Alperin, who specializes in conflict-of-interest law, offered an analysis of state Government Code Section 1090.

The PAC was established as an elected 25-member advisory group to the city's Community Redevelopment Agency, which is overseeing a 740-acre project in North Hollywood.

"You can't be financially interested in a contract that's with the mutual body of which you are a member," Alperin said. "Basically, what it's saying is that the whole body is disqualified."

Alperin said his broad interpretation of the law was based on court rulings in similar cases.

"The court said this is a draconian law and that's the way the legislation was written," Alperin said at the meeting. "Is it tough? Is it broad?

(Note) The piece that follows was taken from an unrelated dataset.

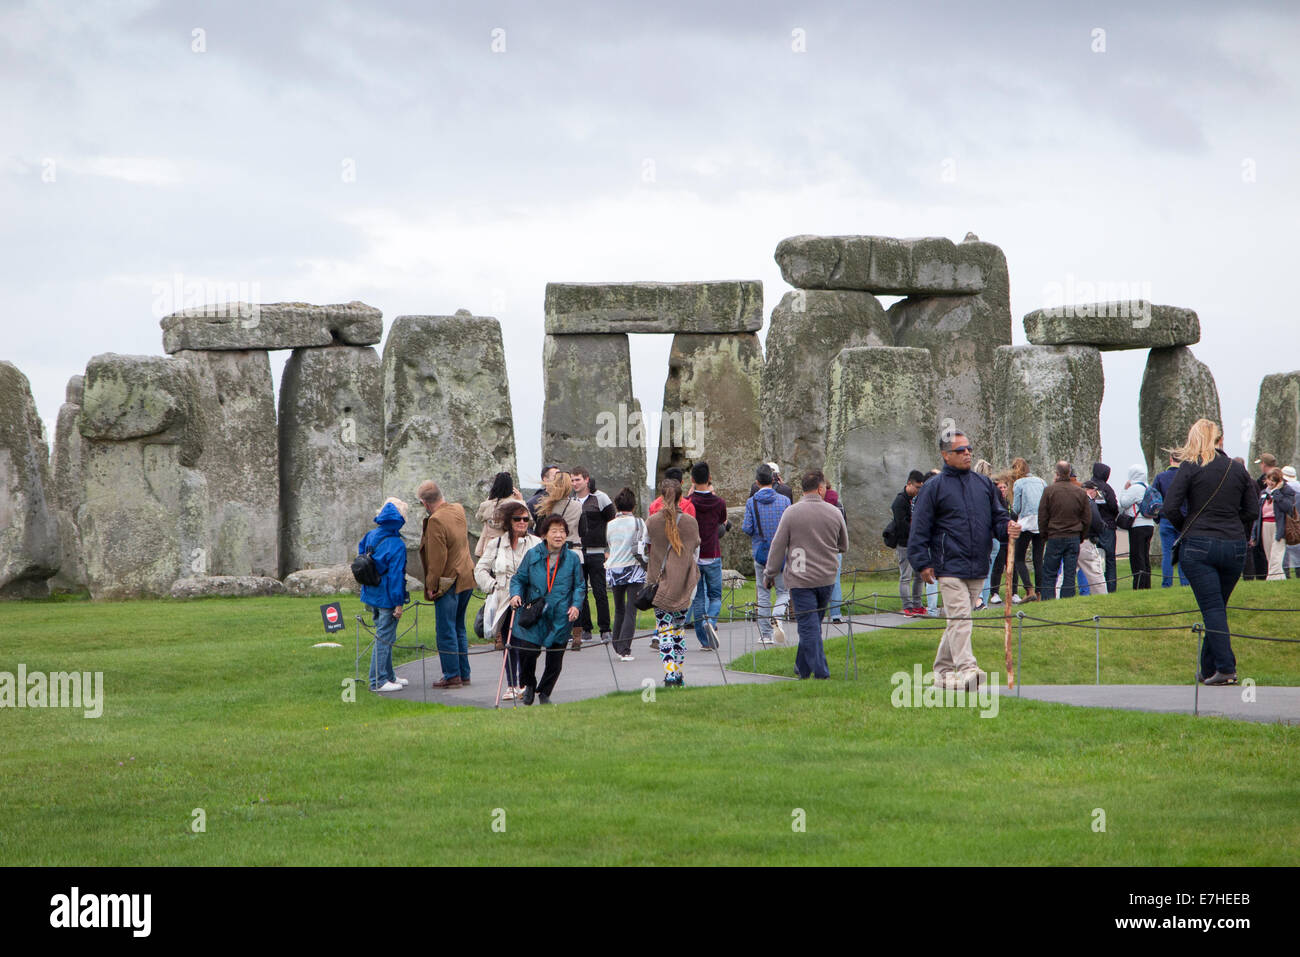 Visit to Stonehenge / Stone Henge with tourists / tourist visitors visiting and viewing the monument. UK. Stock Photo

Yes, it is, but I don't write the laws and you don't write the law."

According to state code, violators can be punished with fines up to $1,000 or by imprisonment, and are forever disqualified from holding any office in the state.

PAC members called Alperin's interpretation a Catch-22 that runs counter to the goal of advising the Community Redevelopment Agency on policy matters.

If you have to have interest in property in the redevelopment area to be eligible to serve on the PAC, then inevitably there are going to be conflicts with any project, Virginia Soltes said.

"If we all have a conflict of interest, then why are we here?" she asked. "Even if it's advice we give, it's a conflict of interest. [Alperin] is telling us to shut up, nicely."

Alperin said he was not trying to silence the PAC but was simply offering the same legal advice he has given to other advisory groups and government agencies.

"Do we always like that?" Alperin asked. "No, I don't like it, but I'm stuck with the law just like we're all stuck with the law."